The masses are encouraged by Bryce Harper’s spring. Everyone’s looking for a big bounceback season, so it seems like a good thing that Harper is second in spring-training home runs, with six. Well, Greg Bird is looking for a bounceback season of his own — not because he was bad in 2016, but because he wasn’t anything in 2016. Surgery’ll do that to a player. After Wednesday, Bird is right there with Harper, at six home runs. Let’s just continue to try to ignore that Peter O’Brien is ahead of both of them, with seven.
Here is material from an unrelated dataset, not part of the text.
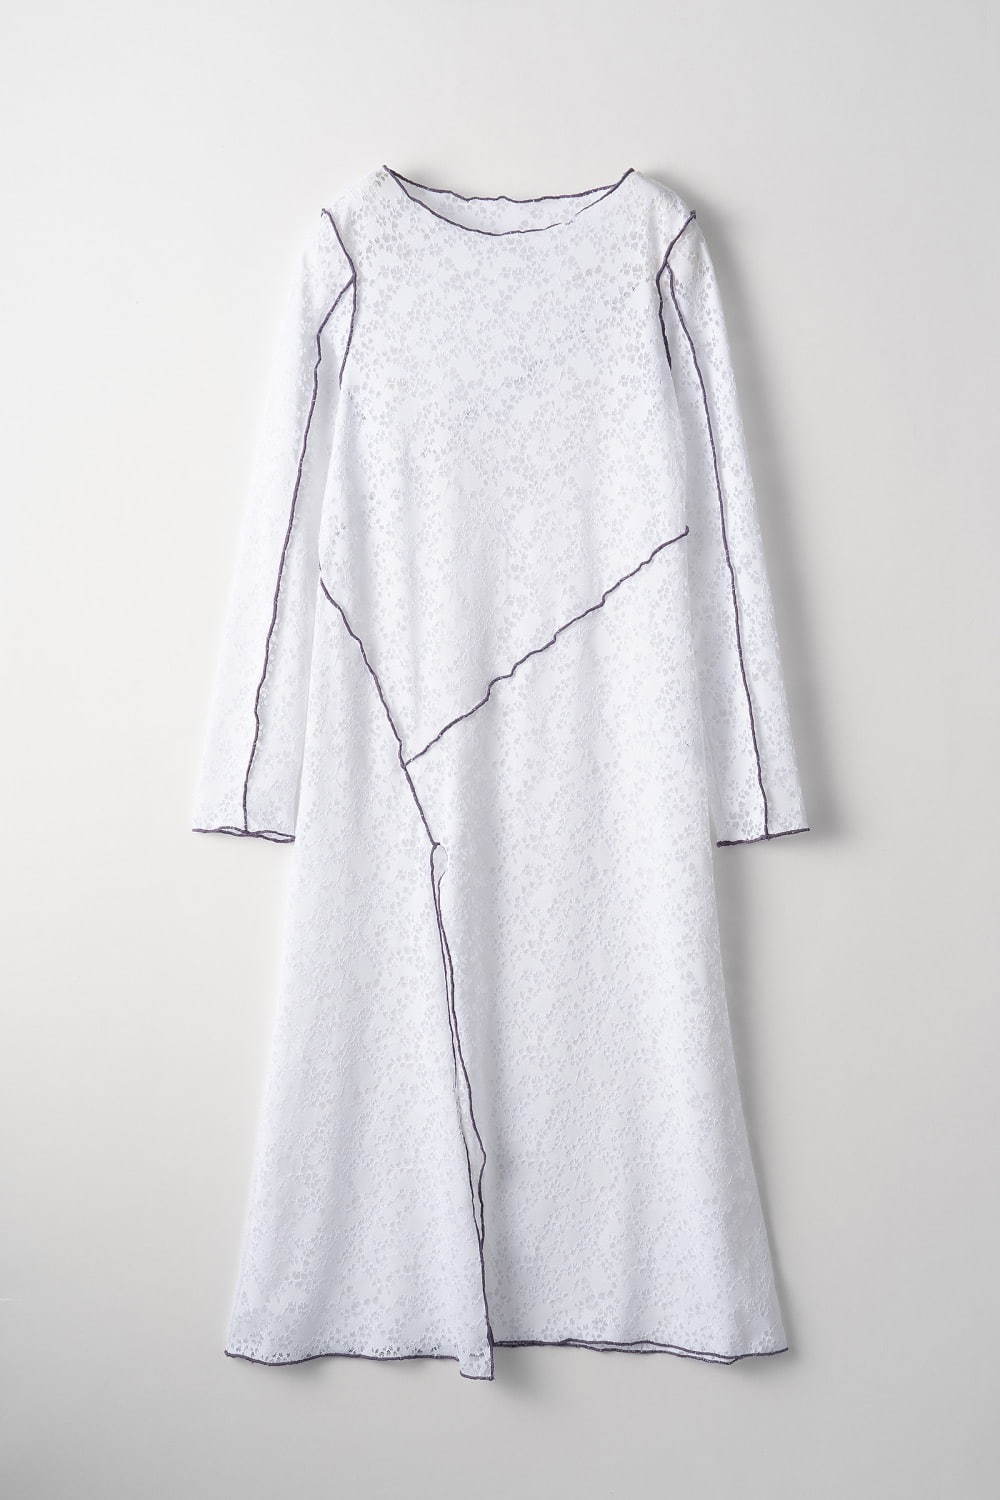 long stretch lace dress 29,700円(税込)

Out of sight usually means out of mind, as fandom goes, and Bird, for a while, was sort of a forgotten young Yankee, what with the group emergence of Gary Sanchez, Aaron Judge, Tyler Austin, and so on. It’s nothing Bird could help, but labrum surgery kept him from playing, and it was all he could ask for to have a successful spring. Suffice to say Bird is back in the picture. Suffice to say he’s generating at least as much enthusiasm as anybody else. Through 47 exhibition trips to the plate, Bird’s hitting .439, with a four-digit slugging percentage. He’s been the very best spring-training hitter, and while that’s not something anyone actually cares about, there is significance here. It would sure seem that Bird’s shoulder is fine.